Hommage national à Charles Aznavour ! Certes mais de quelle nature ?
Maintenant que sont éteints les flonflons des hommages tout à fait mérités des gens de culture et du bon peuple à Charles Aznavour, on peut s’interroger sur le cheminement mental qui lui vaut une onction nationale avec passage obligé aux Invalides.
Comme pour Johnny Hallyday d’ailleurs mais dans une moindre mesure car l’hommage rendu à Johnny fut essentiellement populaire avec la seule présence du chef de l’état sur les marches de l’église de la Madeleine.
Aznavour était ce que, par euphémisme, on appelle un exilé fiscal : ce n’est pas un acte de délinquance car chacun est libre d’installer son domicile sous les cieux qui lui chantent mais ce n’est pas un acte de civisme non plus.

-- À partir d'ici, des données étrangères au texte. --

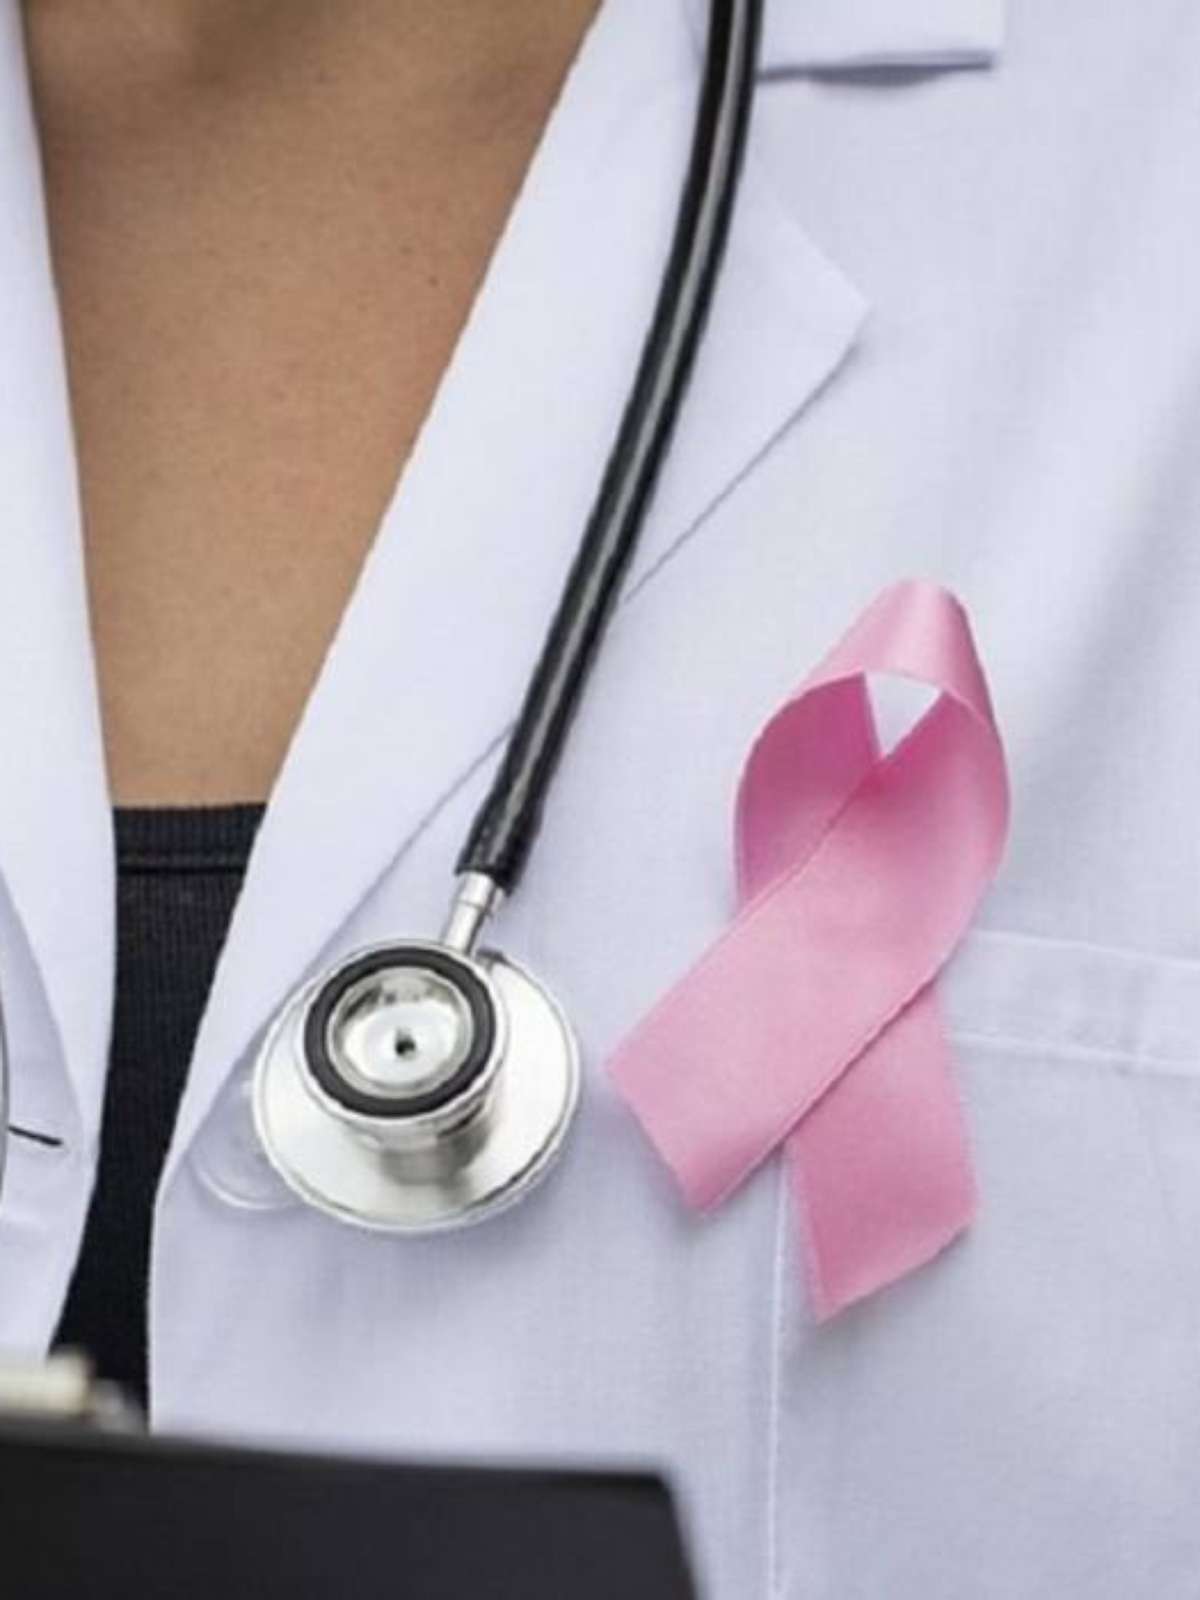 Senado aprova texto para exames de câncer no SUS em 30 dias
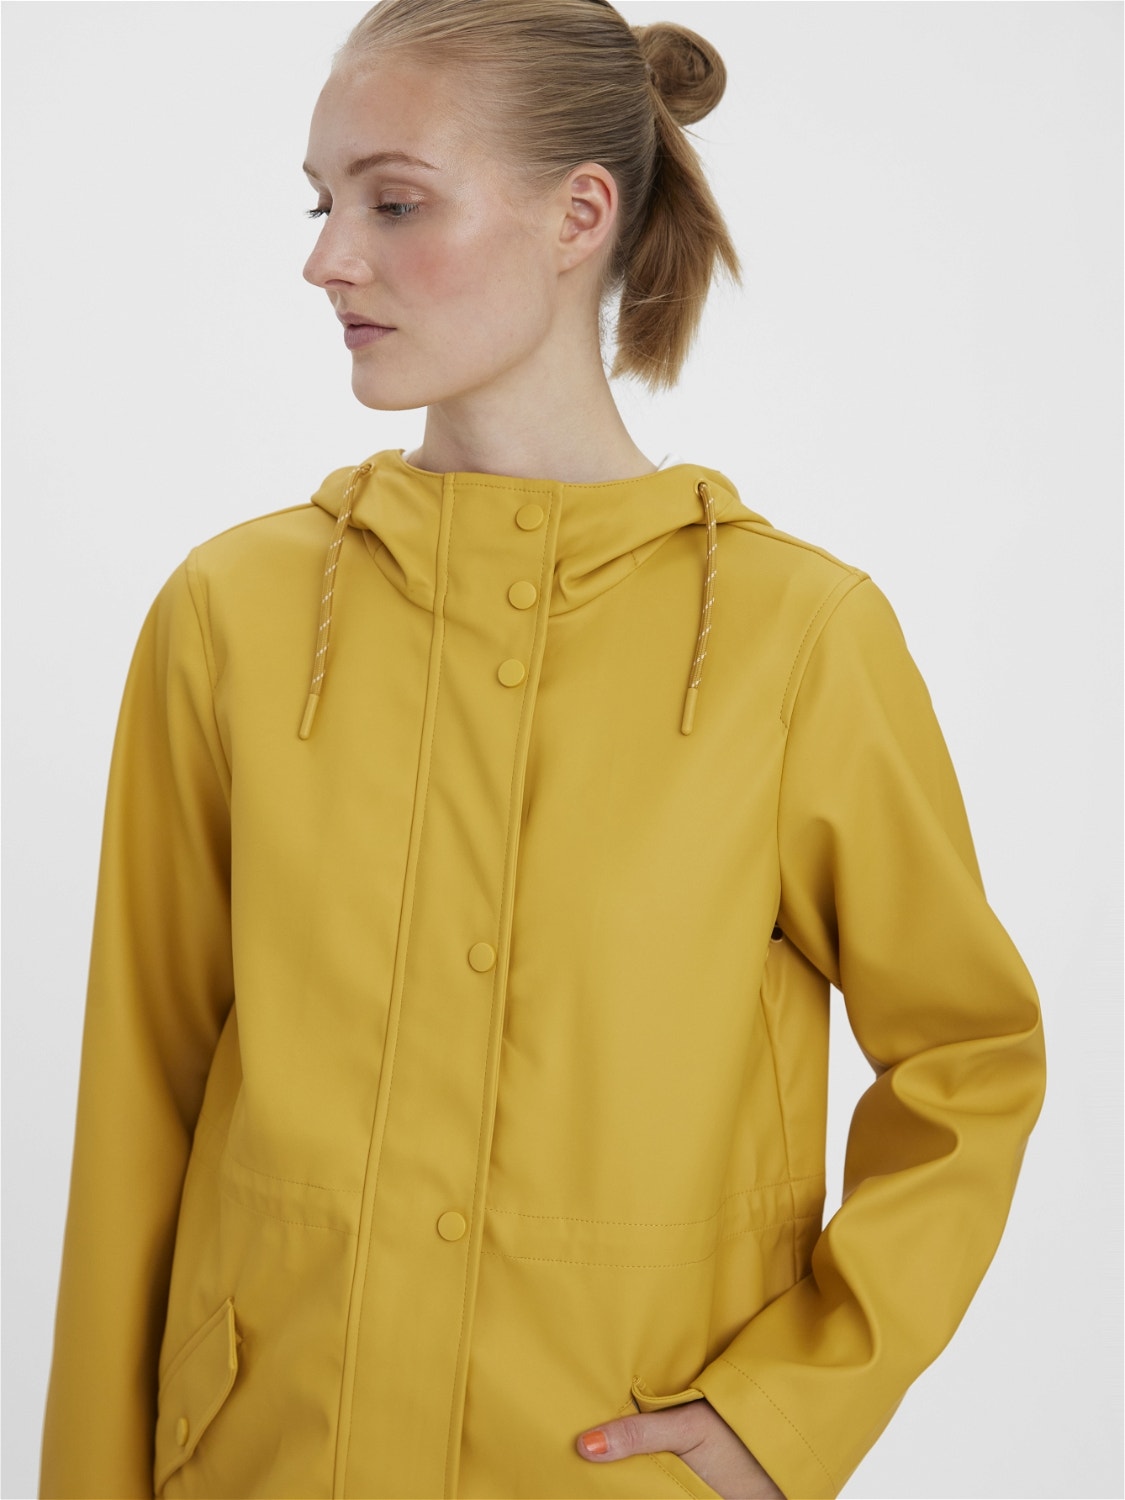 Vero Moda VMMALOU Jacket -Amber Gold - 10266982

C’est donc quelqu’un qui a choisi de ne pas payer ses impôts en France, donc de ne pas contribuer à la mesures de ses plantureux moyens à la solidarité nationale ?
C’est donc aux funérailles de ce type de personnage que la patrie reconnaissante donne un caractère officiel.
Je ne vais pas faire le procès des choix de vie de Monsieur Aznavour qui mérite bien qu’on lui donne du Monsieur pour son apport à la culture française et surtout pour la symbolique qu’il représente : un enfant d’immigré qui s’est hissé au rang de gloire nationale.
Peut-être le système fiscal français est-il trop gourmand ?
Mais, en l’occurrence à ce que je sache, le civisme est tout de même une valeur sur laquelle se fonde la république, qui la fait vivre et on demande à chacun d’être exemplaire surtout ceux qui ont largement les moyens de l’être.
Les prélèvements fiscaux sont de tel ordre que ne pouvait, semble-t-il, le supporter Aznavour ou ceux qui étaient en charge de ses intérêts à l’instar d’autres grands patriotes qui préfèrent les cieux plus cléments des paradis fiscaux mais bénéficient nonobstant de la considération la plus distinguée de ceux qui se bornent à prêcher la morale et le civisme devant des auditoires populaires.
Il est vrai que la France a connu un Ministre des Finances – donc en principe quelqu’un chargé de la traque des « inciviques » ( notion fort relative comme on voit) qui, après avoir démenti, les yeux dans les yeux, les malversations dont il était accusé, avait été confondu par la triste réalité des faits que rapportaient les informations du Canard en l’occurrence déchaîné mais de grande utilité publique.
Alors oui ! Avec la disparition du grand chanteur poète la perte est immense qui voit un immigré honoré par ses nouveaux concitoyens dans leurs éloges unanimes.
D’ailleurs même ceux qui sont le plus opposés à la place des immigrés dans la société se sont crus obligés de se joindre, toute honte bue, à l’hommage national.
Ce n’est donc pas le tribut mérité, celui de la profession et du public, qui me heurte mais la mise en scène où les Institutions de la république sont mises à contribution pour rendre aux Invalides un hommage à un exilé fiscal.
Il y a comme une espèce de dithyrambe qui heurte le bon sens du moins tel que je le conçois.
Mais sans doute suis-je un peu trop de la vieille école ?
L’absence de discrétion aurait été beaucoup plus en phase avec le respect des lois qui est exigé à juste titre de tous les citoyens appelés à contribuer en fonction de leurs moyens à la marche de la nation.
On manque, me semble-t-il, de mesure quand on fustige les assistés chargés de tous les malheurs de la nation et que l’on ne dédaigne pas les honneurs officiels pour ceux qui planquent leur fortune.
Encore une fois je me répète, passées les images poignantes de la cérémonie, on peut tout de même opiner que la république a été une nouvelle fois abaissée - par la macronie cette fois-ci - dans la mise en scène de ce cinéma.
Sans doute pour faire oublier les fâcheuses mésaventures qui ont, ces derniers temps, affecté sa représentation dans ce que j’appellerais volontiers l’imagerie populaire.
Cette dernière initiative de Macron me semble un indicateur – beaucoup plus parlant que les sondages erratiques – de la déliquescence de la France qui ne date pas d’aujourd’hui ni même d’hier mais peut-être bien d’avant-hier. En tout cas de longue date.